The Stone of Jacob appears in the Book of Genesis as the stone used as a pillow by the Israelite patriarch Jacob at the place later called Bet-El. As Jacob had a vision in his sleep, he then consecrated the stone to God. More recently, the stone has been claimed by Scottish folklore and through it by British Israelism to be the same as the Stone of Scone.

==Biblical narrative==

According to account given in Genesis, Jacob was fleeing from his elder twin brother Esau, whom he had tricked out of receiving their father Isaac's blessing of the first-born. On his flight, Jacob rested at a city called Luz and used a group of stones as a pillow.

Jacob left Beersheba and set out for Harran.

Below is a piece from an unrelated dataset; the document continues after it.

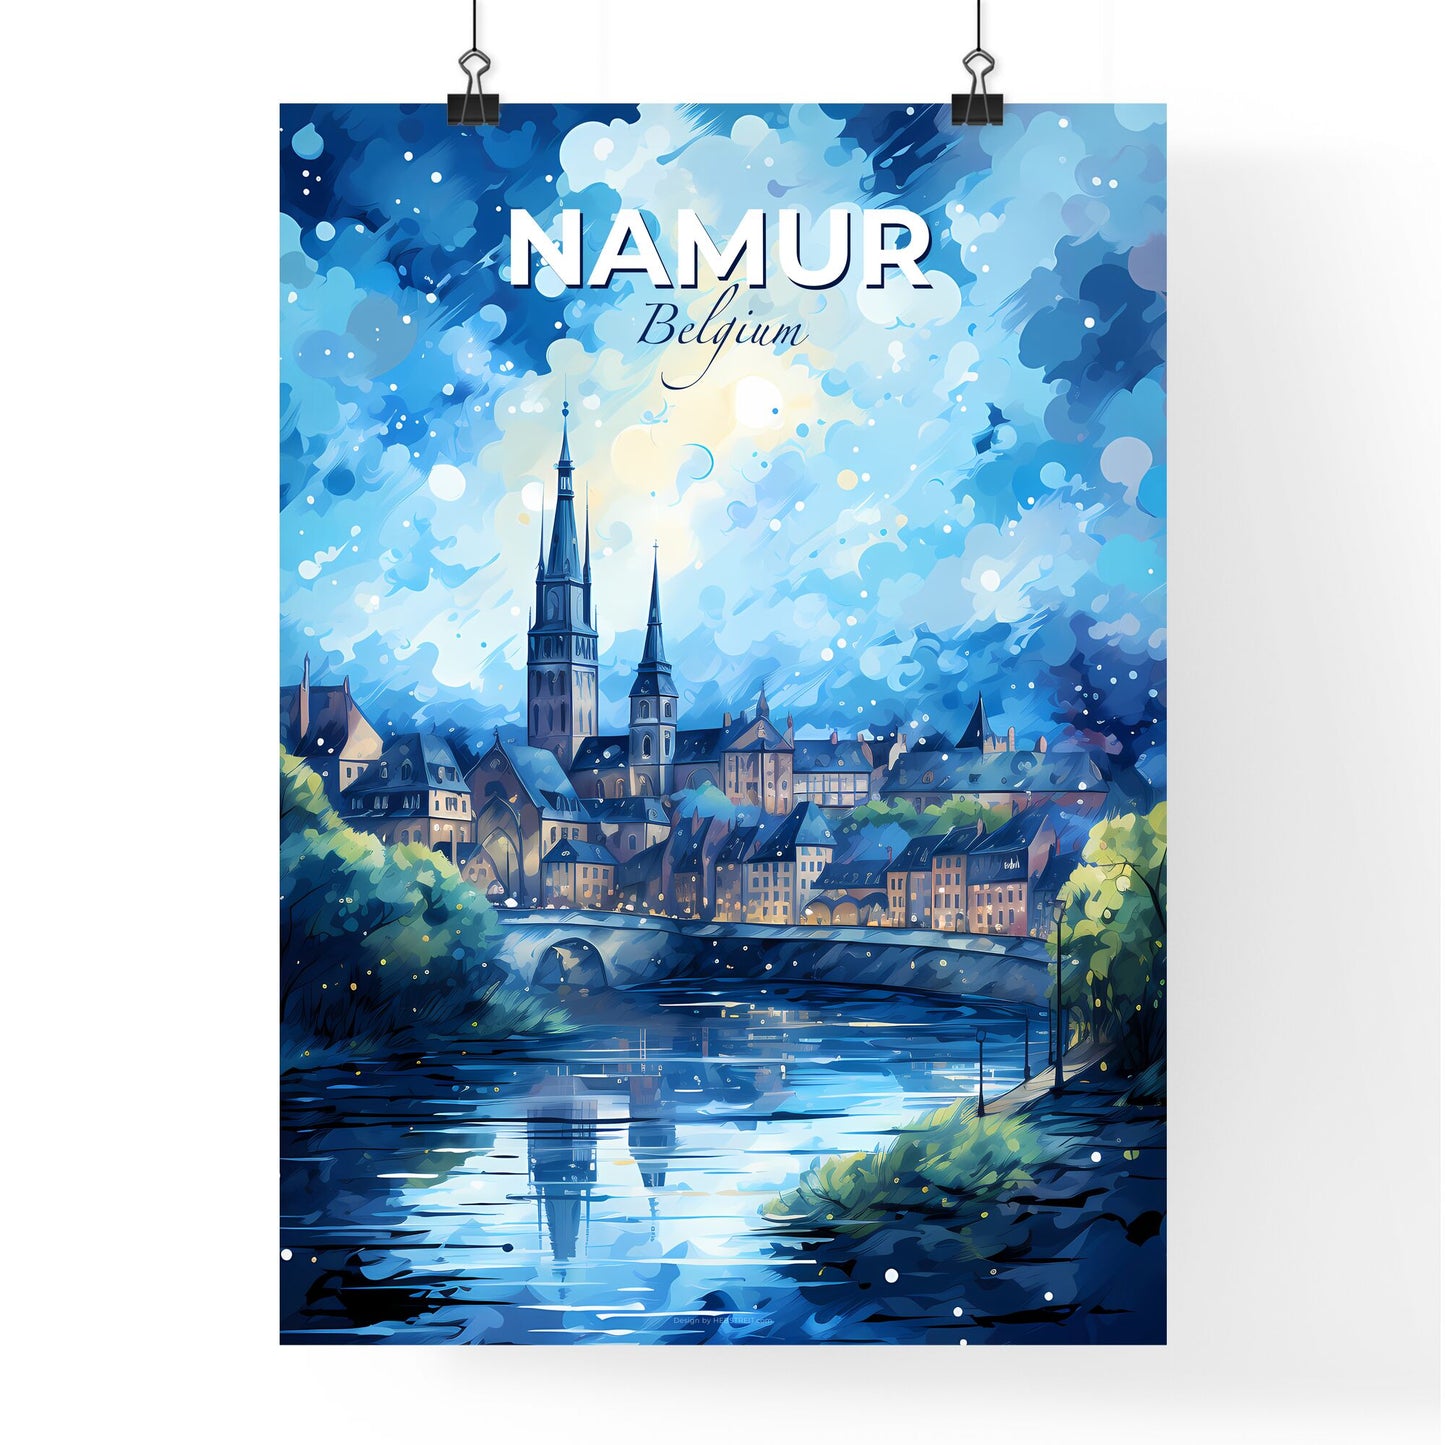 Namur Belgium Skyline - A Painting Of A City With A Bridge And Trees - Customizable Travel Gift Default Title

When he reached a certain place, he stopped for the night because the sun had set. Taking one of the stones there, he put it under his head and lay down to sleep.

He had a dream in which he saw a stairway resting on the earth, with its top reaching to heaven, and the angels of God were ascending and descending on it.

There above it stood the Lord, and he said: "I am the Lord, the God of your father Abraham and the God of Isaac. I will give you and your descendants the land on which you are lying.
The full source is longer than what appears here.